Environnement/territoire

Olivier de Schutter : «Le réalisme aujourd'hui, c'est de changer radicalement le cours de la société.»

À Genève pour une session du Comité des droits économiques sociaux et culturels de l’ONU, Olivier de Schutter revient sur l’importance des initiatives locales et citoyennes dans la transition de la société vers un fonctionnement plus responsable.

© Flickr. UN Geneva Human Right Council - 10th Session. Photo prise le 23 mars 2009.

À Genève pour une session du Comité des droits économiques sociaux et culturels de l’ONU, Olivier de Schutter revient sur l’importance des initiatives locales et citoyennes dans la transition de la société vers un fonctionnement plus responsable.
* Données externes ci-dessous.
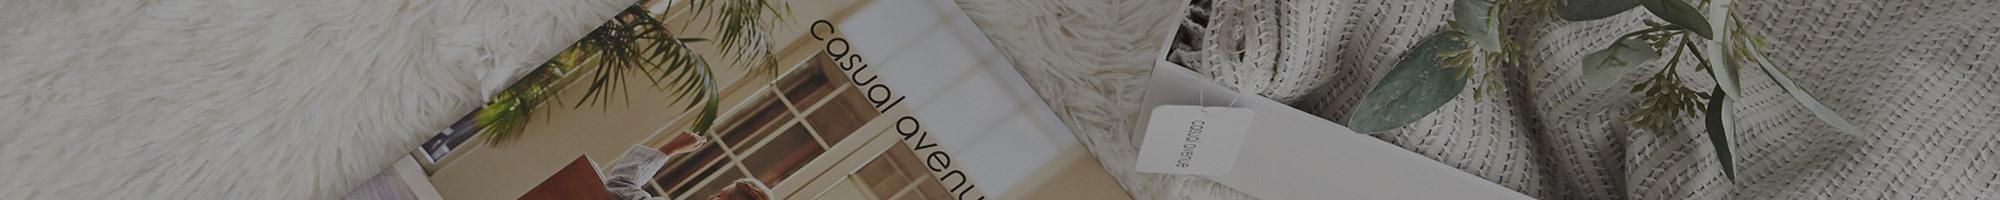 터키 천연코튼을 사용한 캐쥬얼애비뉴 베딩

Alter Échos: Lors d’une conférence organisée par CBC et la coopérative Cera, vous parliez d’une théorie selon laquelle lorsque 18 à 20% des gens adoptent un comportement, le reste de la population suit ce comportement par effet de contagion. D’où vient cette théorie et pourriez-vous l’expliquer ?

Olivier de Schutter: Un aspect des innovations sociales c’est qu’elles peuvent envoyer un message vers les autres qui les incite à changer un comportement parce qu’ils se sentent jugés. Lorsqu’on est occupé de prêcher pour une manière plus économe de se comporter, l’on est un donneur de leçon et perçu comme tel mais lorsque l’on pratique ce que l’on prêche il y a un sentiment dans le chef des autres. On attend de ces personnes qu’elles adoptent un comportement aussi vertueux ou aussi responsable. Cette idée que les normes sociales peuvent être influencées par les comportements qu’on adopte est une vieille idée qui date, sauf erreur de ma part, des études qu’un sociologue avait faites dans les années cinquante. Il avait mis en avant qu’une des causes de l’augmentation des suicides pouvait être la publicité faite autour d’une histoire de suicide, ce qui amène les gens à se désinhiber et à recourir à leur tour au suicide. C’est ce qu’on a appelé l’effet Werther. C’est un phénomène d’imitation que la psychologie sociale a bien étudié.

On a de nombreuses études qui montrent comment le fait de donner de la publicité à certains comportements peut avoir un effet de transformation d’une norme et les psychologues situent parfois le basculement d’un équilibre à l’autre autour de 18, 19% de la population qui commencent à adopter ce comportement.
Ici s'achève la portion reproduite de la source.